Nepal Rastra Bank’s (NRB) Central Bank Survey for August 2025 paints a comprehensive picture of the country’s monetary health, showing notable improvements in foreign reserves, asset growth, and fiscal coordination. According to the report, NRB’s total assets surged to Rs. 2.76 trillion, marking a strong 31.9% annual growth, driven primarily by rising foreign exchange holdings and gold investments. The bank’s foreign assets climbed to Rs. 2.65 trillion, up by a remarkable 33.3% compared to the previous year, signaling Nepal’s strengthened external position and effective foreign exchange management.
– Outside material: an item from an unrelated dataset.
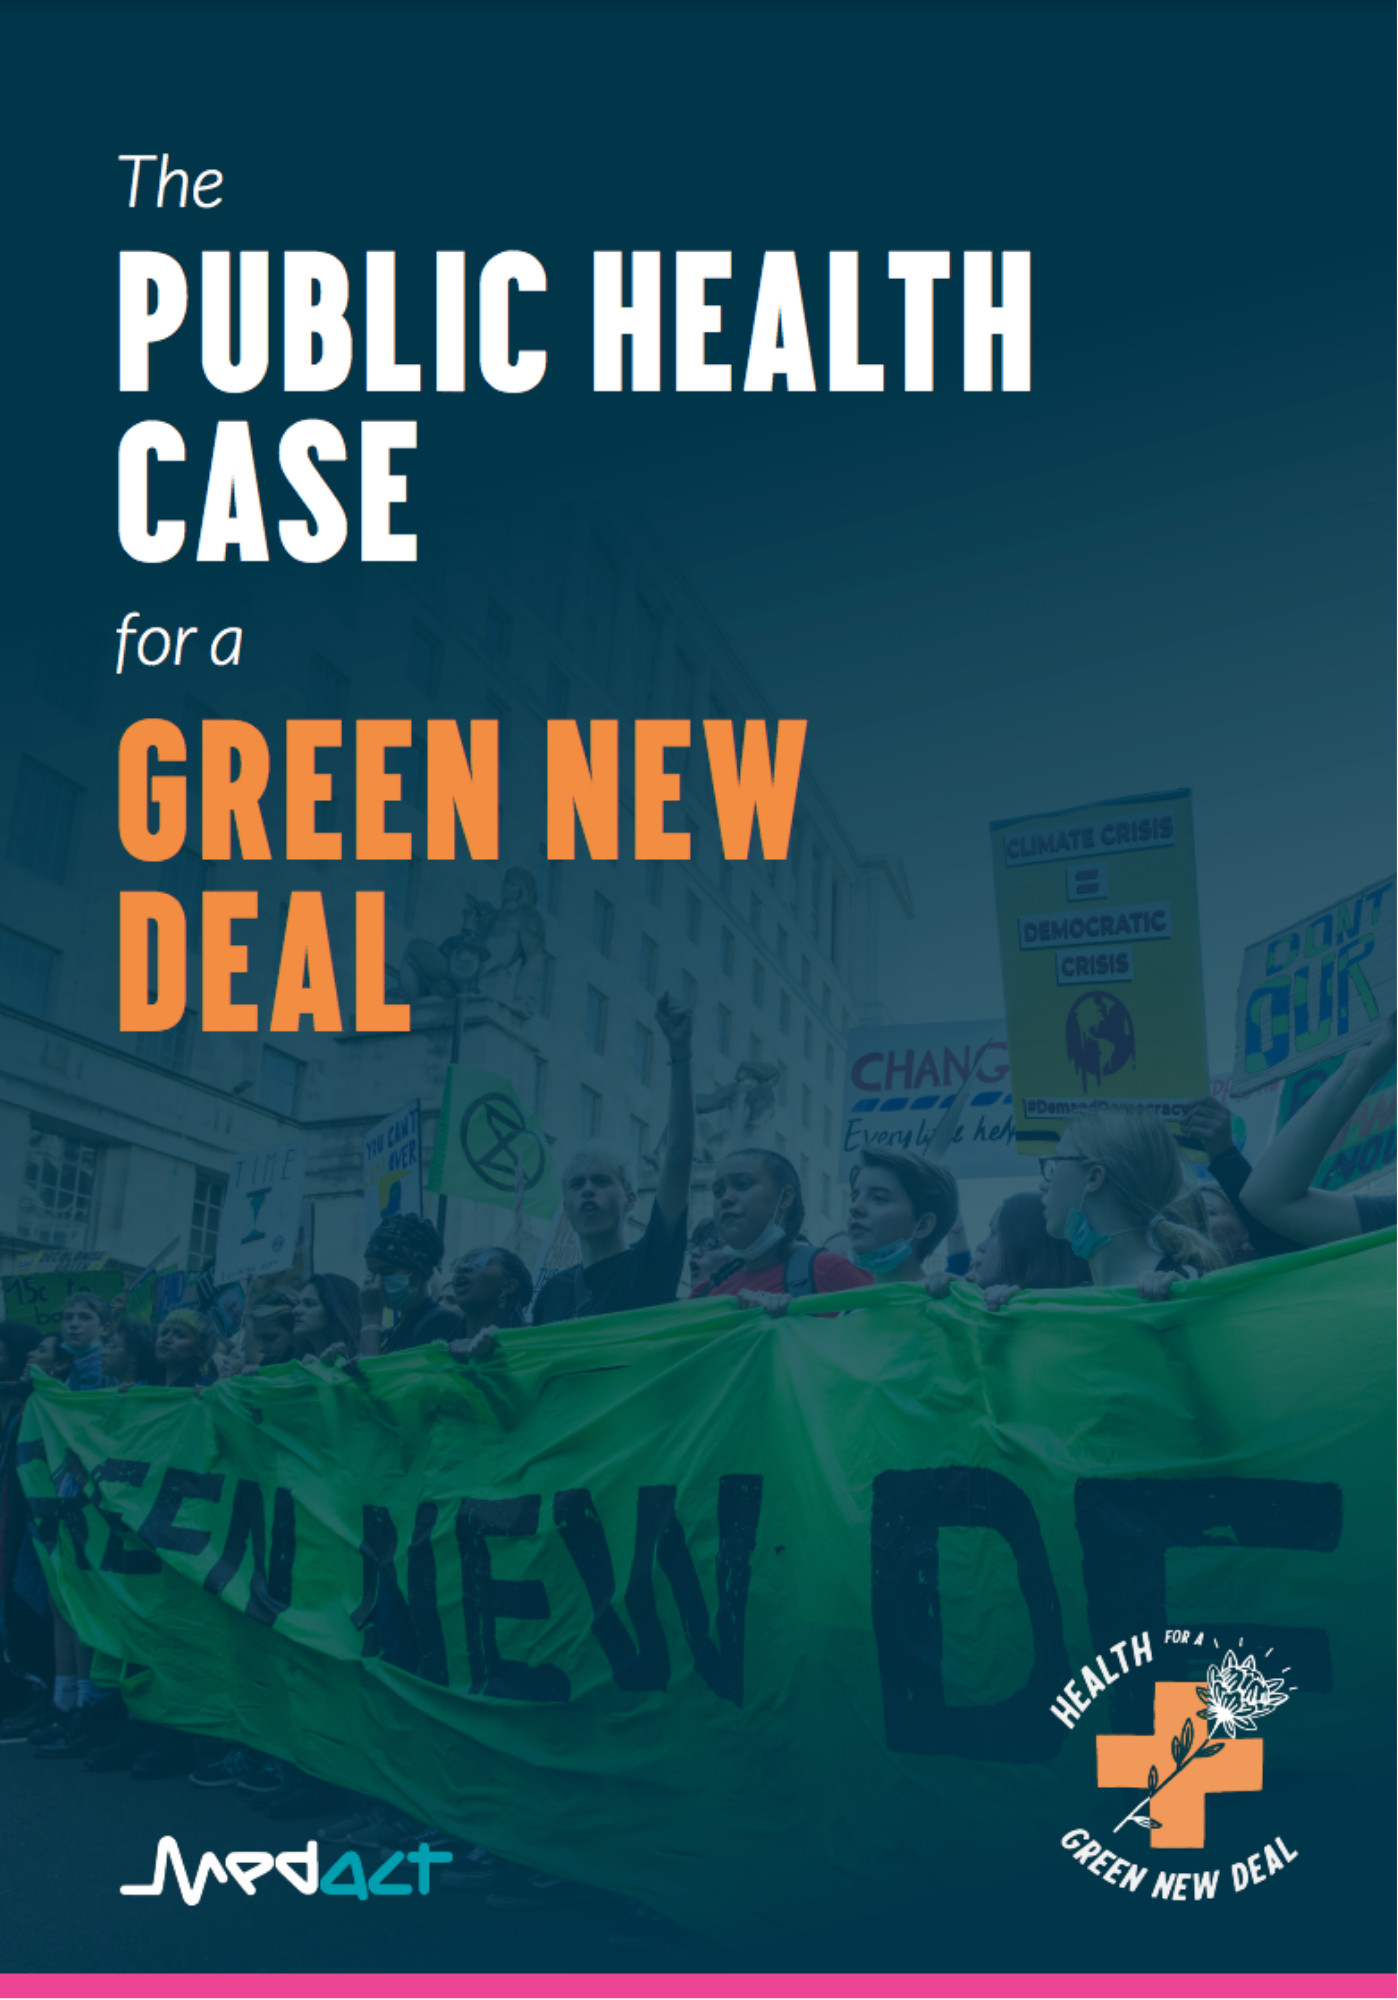 The public health case for a Green New Deal
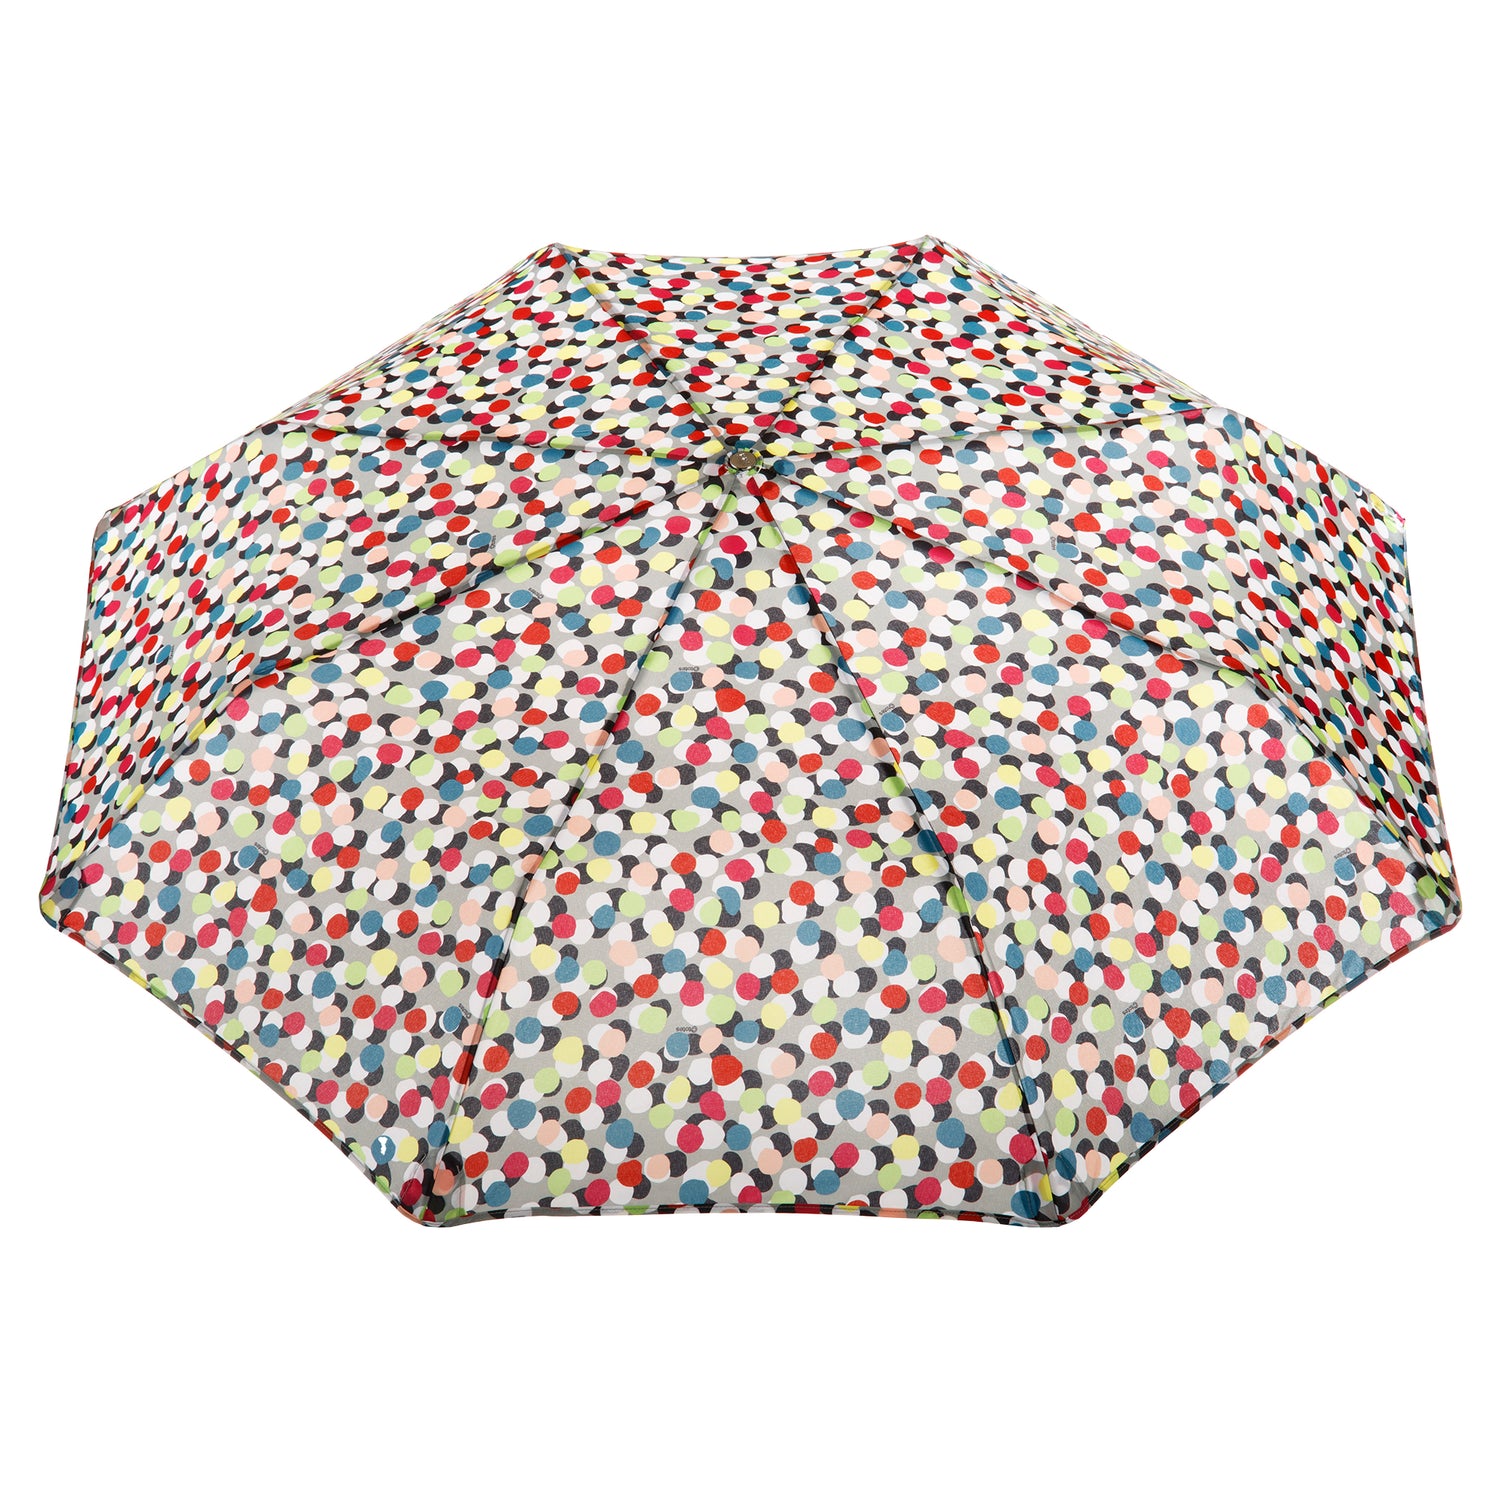 Recycled Total Protection Compact Umbrella with Sunguard Technology

On the liabilities side, NRB’s reserve money expanded by 13.9%, reaching Rs. 1.09 trillion, mainly due to higher currency circulation and increased deposits by commercial and development banks. Government deposits at NRB also grew by Rs. 34.1 billion (17.7%), reflecting improved fiscal discipline and budgetary balance. Meanwhile, the Deposit Auction Facility doubled to Rs. 656 billion, underscoring the central bank’s active role in absorbing liquidity from the financial system to maintain monetary stability.
The data also reveal a sharp rise in capital and reserves, which grew by 6.8% to Rs. 41.9 billion, demonstrating the central bank’s improving financial resilience. However, claims on the government dropped sharply by 40.9%, as NRB reduced its exposure to short-term Treasury Bills and long-term Development Bonds. This shift indicates a cautious monetary stance, prioritizing liquidity management over fiscal lending.
Economists view this year’s survey as a clear reflection of NRB’s balancing act between maintaining external stabilityand ensuring domestic liquidity. The combination of record-high reserves and prudent monetary operations has reinforced Nepal’s economic confidence, even as credit growth and fiscal risks remain under watch.